I've never really considered fur for an outside prop...are you going to keep it inside most of the time?


----------



## ScareFX (Aug 18, 2004)

I like it! Keep the pics coming.


----------



## grapegrl (Jan 3, 2006)

Awesome pose...can't wait to see the finished product!


----------



## THeme ssaGE (Jul 16, 2006)

Ya it will be probably be inside. I dont see why it wouldnt hold up outside though. Yesterday morning it got wet from the sprinklers but was fine. Thanks for the encouragement...its motivating.


----------



## Front Yard Fright (Dec 23, 2005)

that is really neat!
i wish i was good at making body figures, i made a frame for my monster mud guy and it looked horrible!
i've tore the damn thing apart 2 times already!
maybe i'll use pvc pipe next time i decide to make him.
ANYWAYS, great work.
what are you going to use for a head?
are you going to make one?


----------



## turtle2778 (Jul 9, 2006)

WOW, you do an excellent job with the frames and chicken wire. keep up the good work.


----------



## otherworldly (Jul 25, 2006)

That's looking great! I plan a werewolf at some point myself - will watch your progress with interest!


----------



## DeathTouch (Sep 6, 2005)

Love it!


----------



## THeme ssaGE (Jul 16, 2006)

You know what ya I dont know what else to do to this hair ball. I tried putting some ears on him but...eh didnt look that great. I started making the head by attatching a chicken wire head form to the pvc neck with a zip tie. Then I used fur here and there on the head. I used zip ties to fix the zip ties to the pvc rists. Lastly I touched up the face with some paint. Any suggestions how to make him better? Thanks for the comments. GrimVisions website and how to's really helped me in making forms with pvc/chicken wire/wood...So thanks to him.


----------



## Torgen (May 25, 2006)

He looks like a wood creature, a Sasquatch or something! Very cool! If you want him to look more werewolf-ish, he needs a snout. I kinda like him this way more, though. He's original.


----------



## THeme ssaGE (Jul 16, 2006)

thanks Torgen....I like him fine too...I'd set him out if it were showtime and feel good about it.

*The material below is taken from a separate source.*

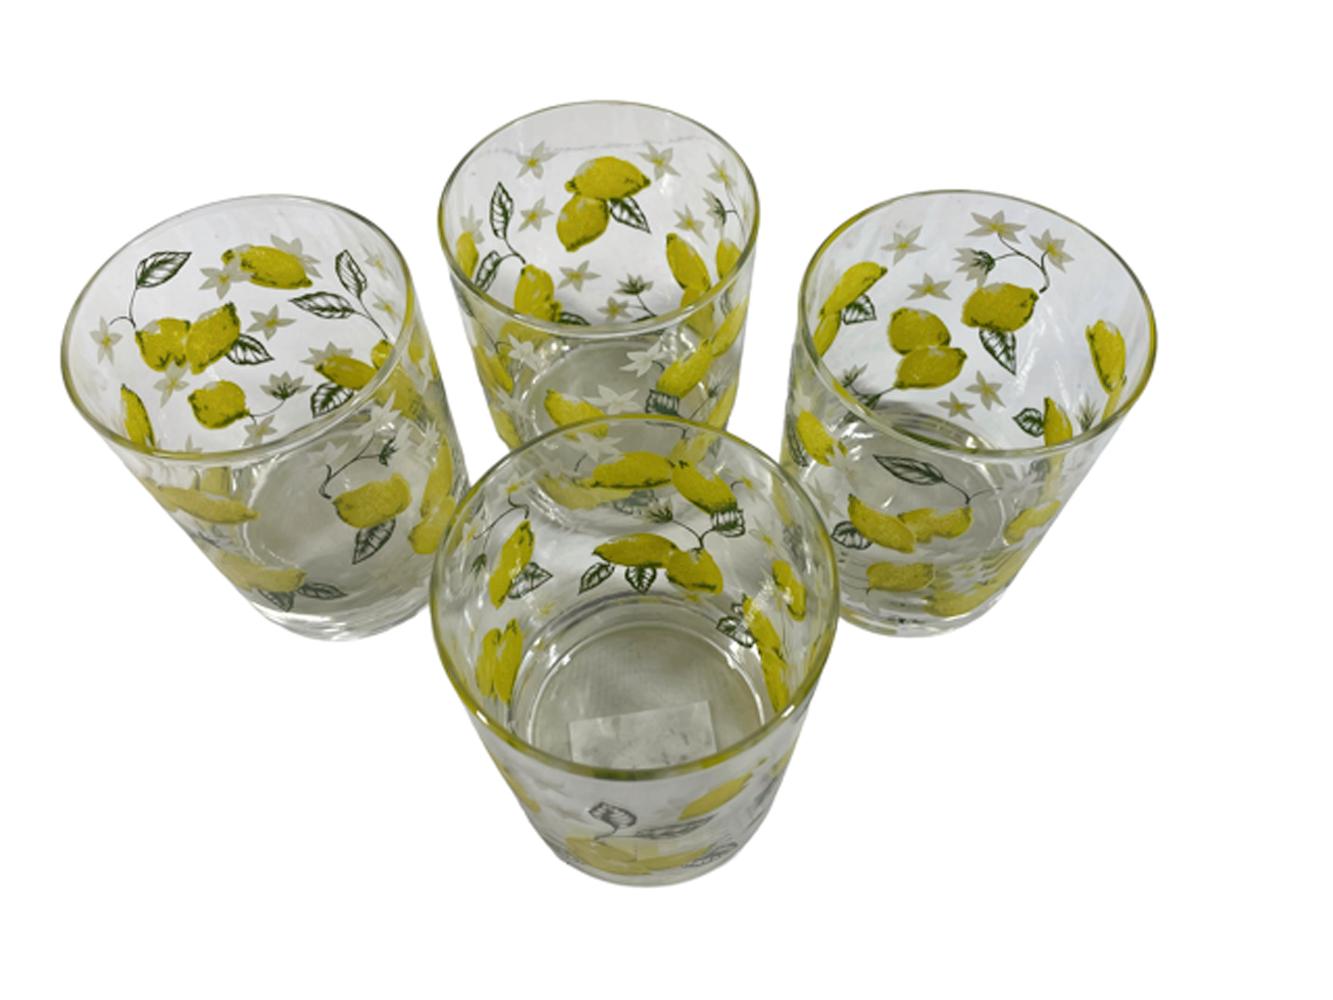 Four vintage rocks glassed by Cera Glass with lemons, leaves and blossoms in yellow, green and white on clear glass.

I didnt have any plans on him being a werewolf ....just some kind of hairy wolf creature...I know I could probably mess with him more and play perfectionist but nah...I think I'll move on to other projects.


----------



## Vlad (Aug 2, 2005)

I think he's more or less a finished product also, and a damned nice one to. 100% original. Great work!


----------